Read huge data from a file and efficiently analyze the date. How to increase productivity for huge data?

I am reading huge data from a file:

//abc.txt

10 12 14 15 129 -12 14 -18 -900 -1234 145 12 13 12 32 68 51 76 -59 -025 - - - - etc fun(char *p, int x, int y, int z) { } 

I tried using atoi , strtok , but they consume in real time when the array is too large and sscanf also very slow.

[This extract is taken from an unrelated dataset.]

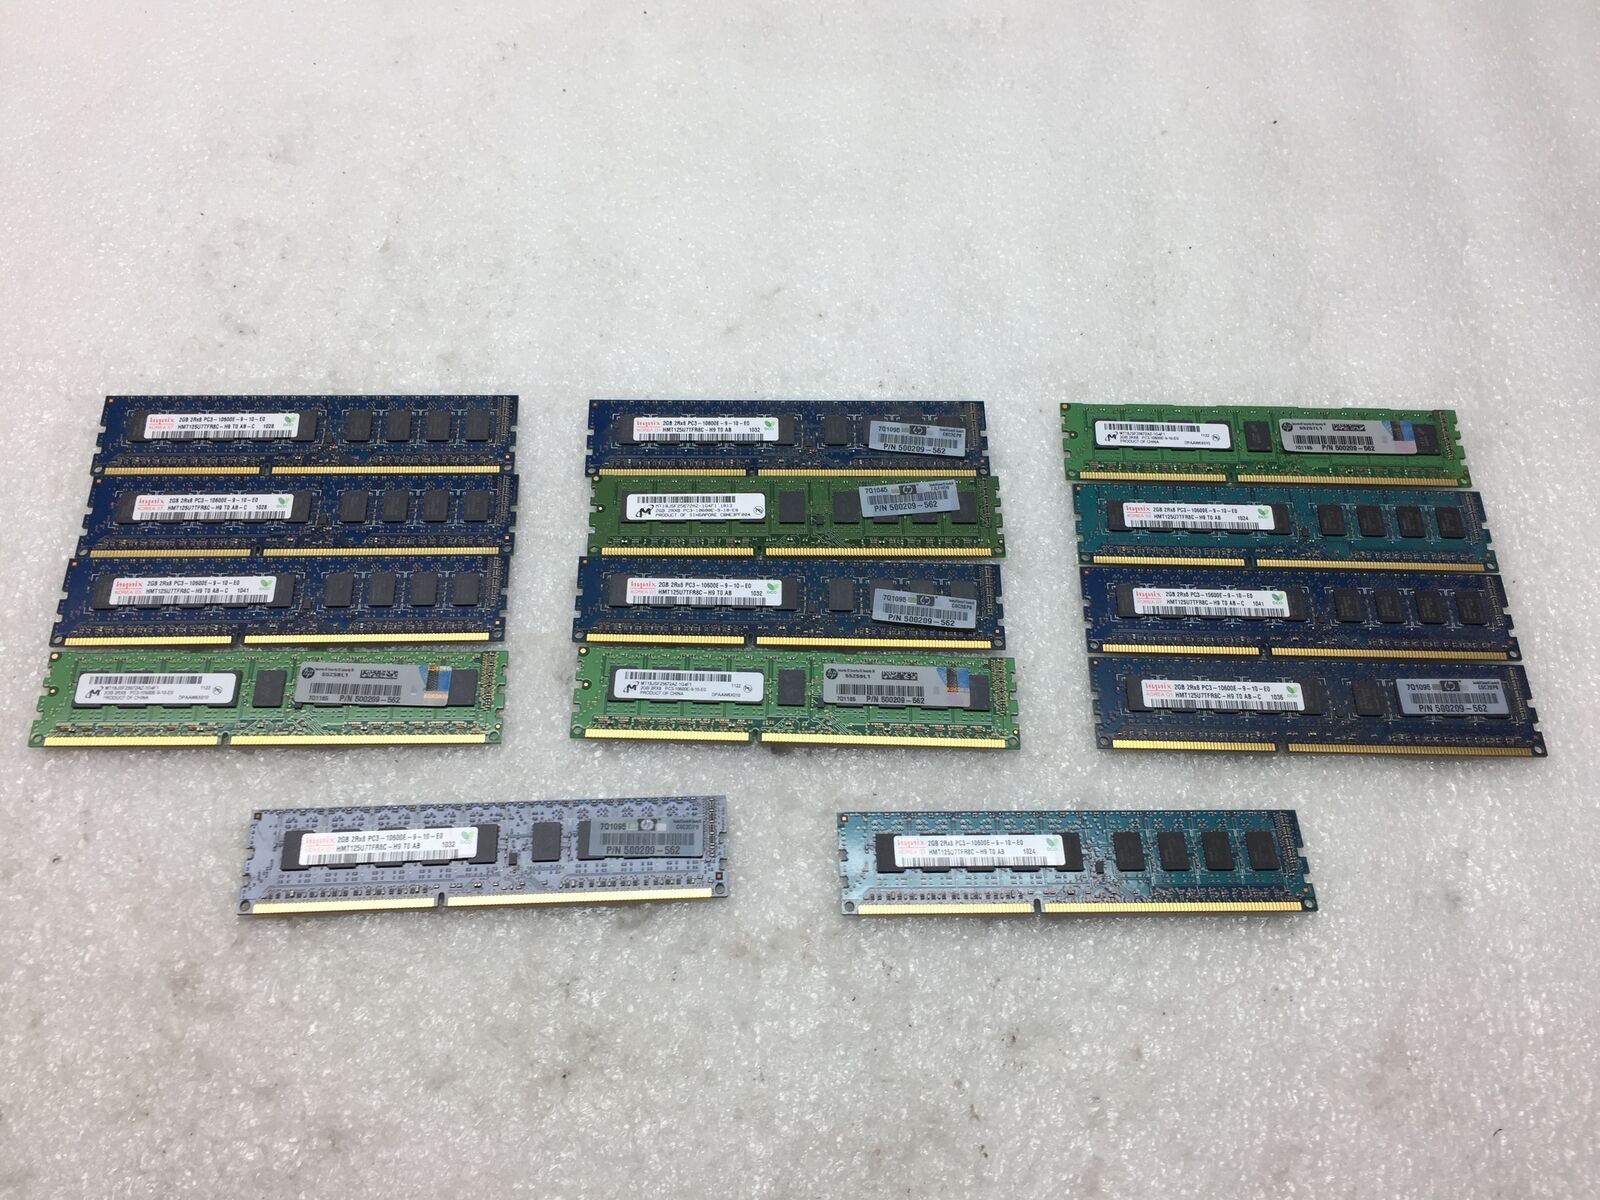 Lot of 14 2GB Mixed Brand 2RX8 PC3-10600E-9-10-E0 ECC Server Memory/RAM Sticks

How to increase productivity for huge data?

I use strtok for parsing. I am looking for a quick method to parse each line.

I read as each line, and then parse each line as:

  char * ptr; ptr = strtok (str," "); while (ptr != NULL) { int value1 = atoi(ptr) ; ptr = strtok (NULL, " "); } 
  • Is there any quick way to parse a string in int ?
  • Is there an alternative approach that will be faster than the code above? I use atoi to convert char * to int .
  • Is it possible to use another quick method to convert char * to int ?
+4
source share
5 answers

To convert an ASCII string to an integer value, you cannot get much faster than atoi does, but you can speed it up by implementing the conversion function that you use inline. The version below increases the pointer behind the scanned digits, therefore it does not correspond to the atoi semantics, but this should help increase the analyzer's efficiency, as shown below. (There is clearly no error checking, so add it if you need it.)

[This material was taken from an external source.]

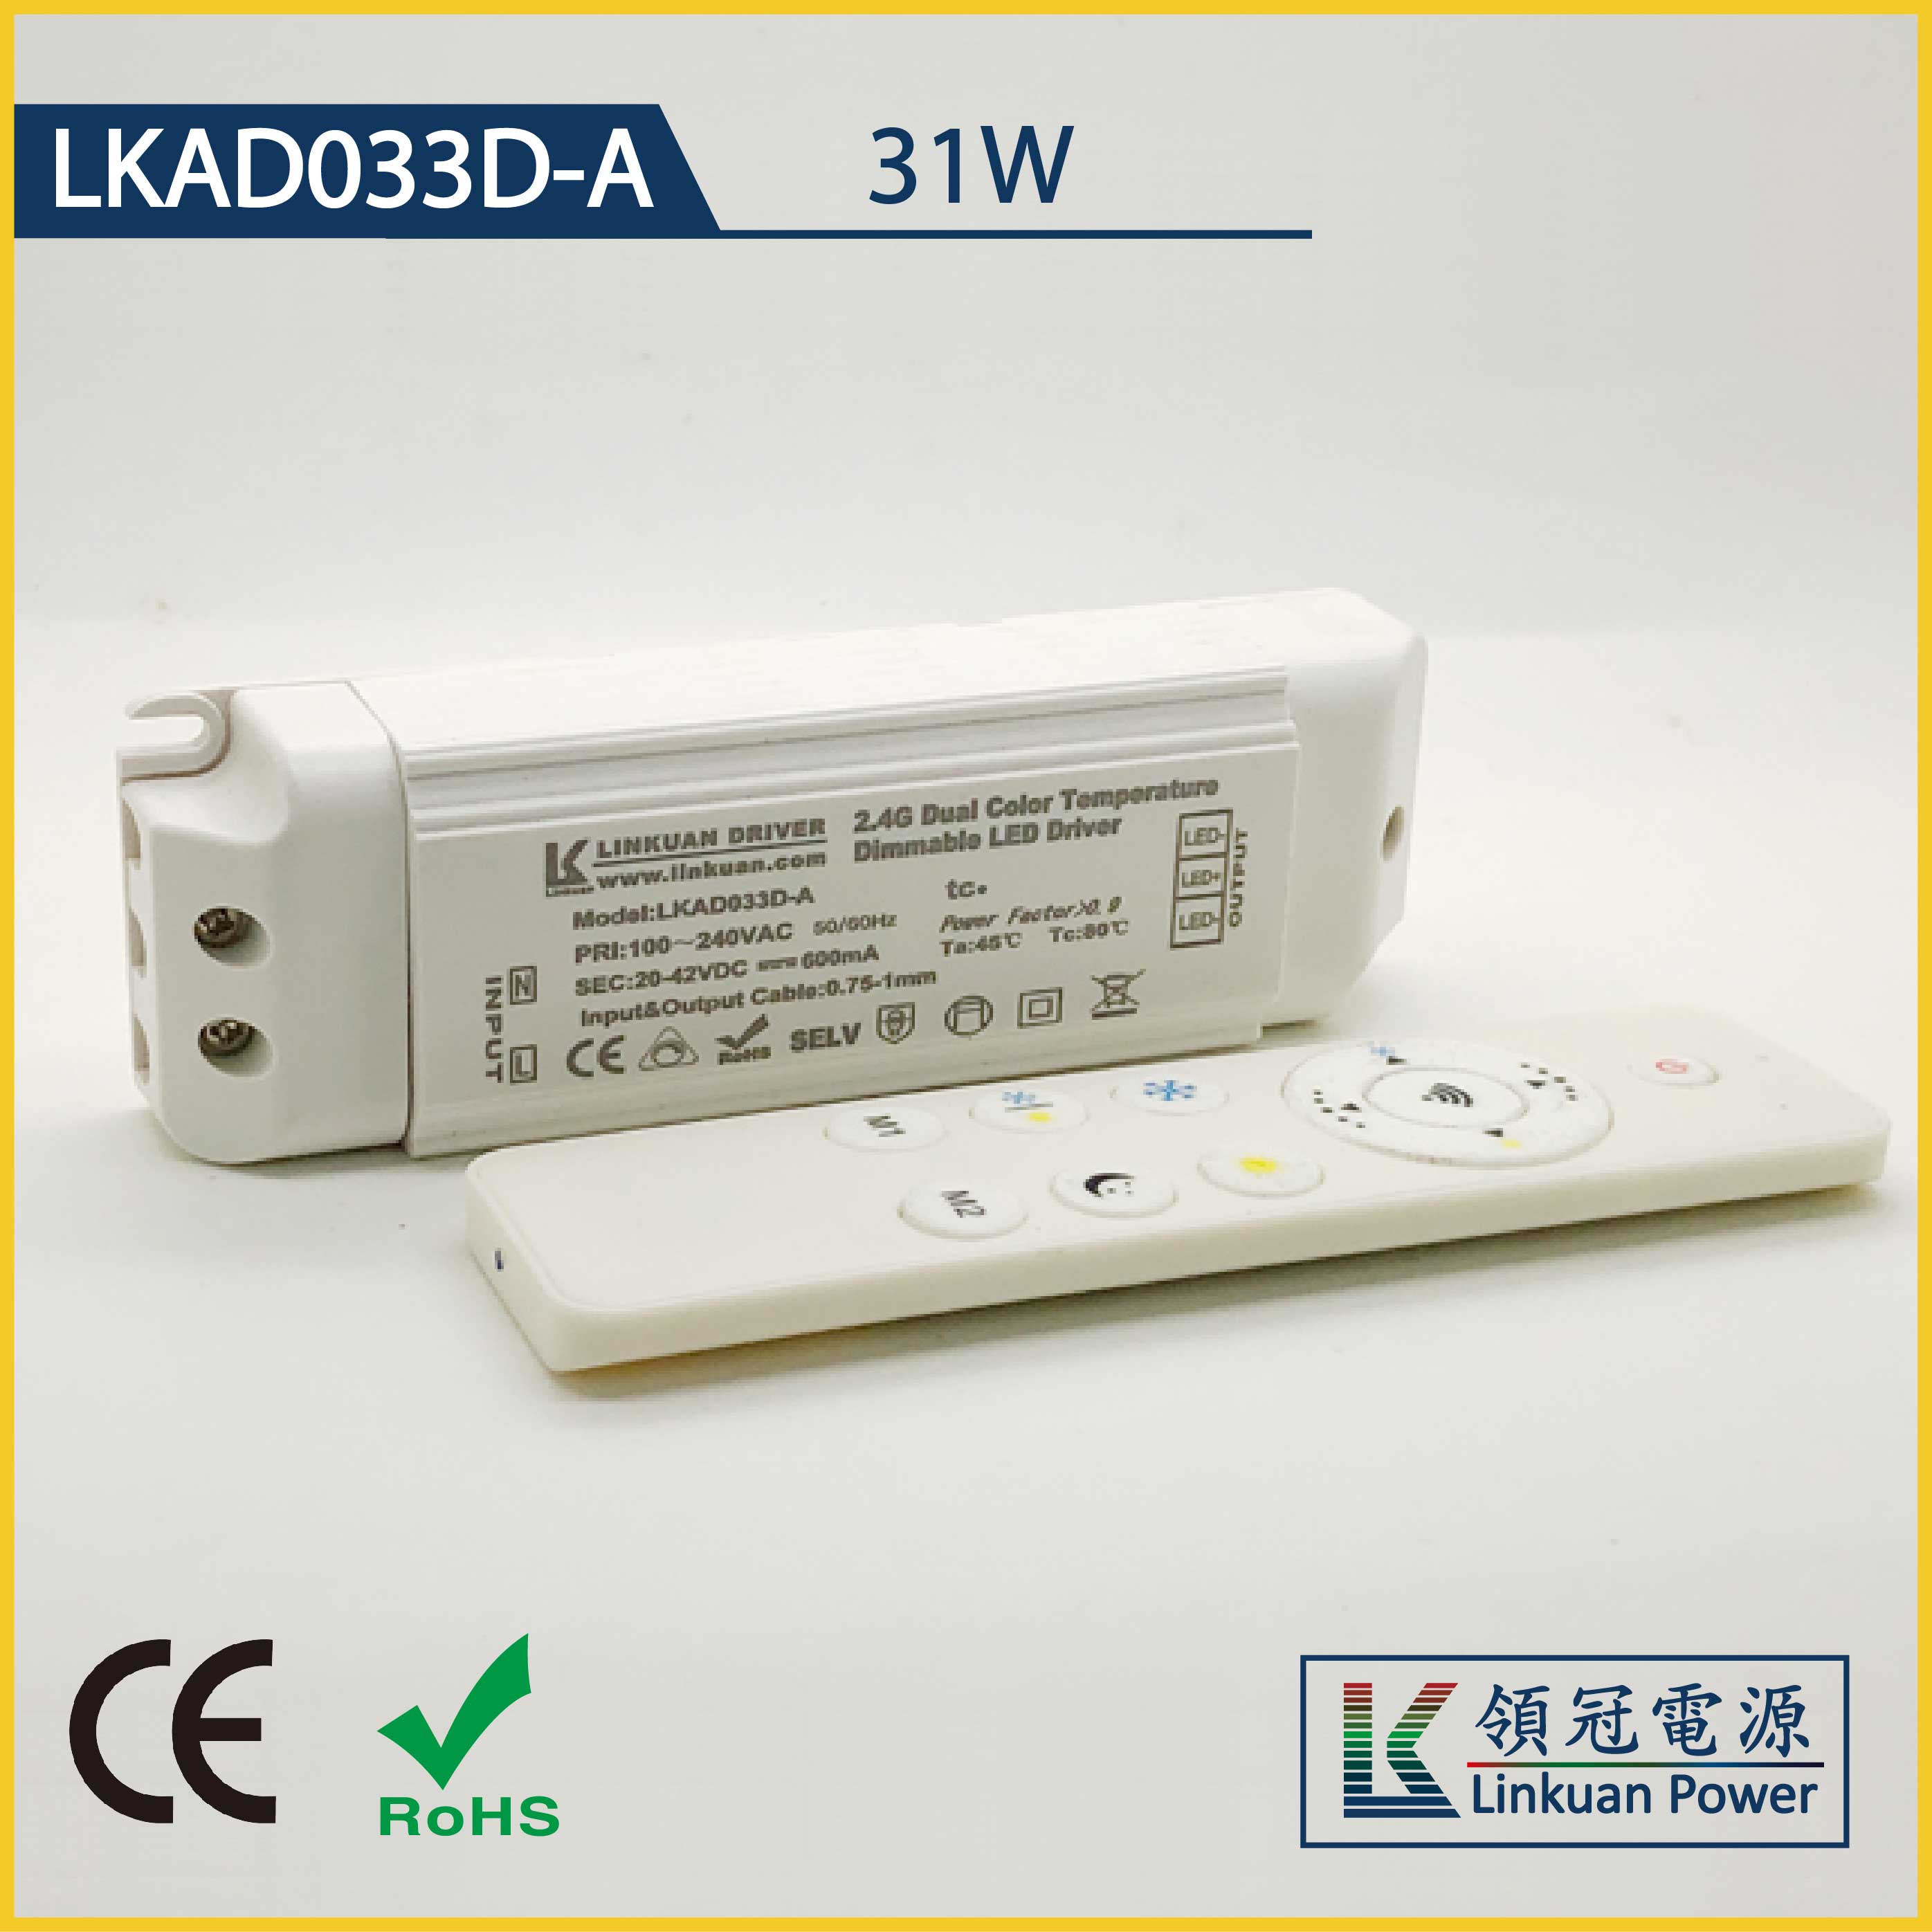 LKAD033D-A 31W 5-42V 750mA CCT Adjusting LED drivers

 static inline int my_parsing_atoi(const char *&s) { if (s) { bool neg = false; int val = 0; if (*s == '-') { neg = true; ++s; } for (;isdigit(*s);++s) val = 10*val + (*s - '0'); return neg ? -val : val; } return 0; } const char *p = input_line; if (p) { p += strspn(p, " "); while (*p) { int value1 = my_parsing_atoi(p); p += strspn(p, " "); } } 

Make sure you correctly profile your code so that you know that your routine is being computed, not bound to I / O. In most cases, you will be involved with I / O, and the suggestions below are ways to mitigate this.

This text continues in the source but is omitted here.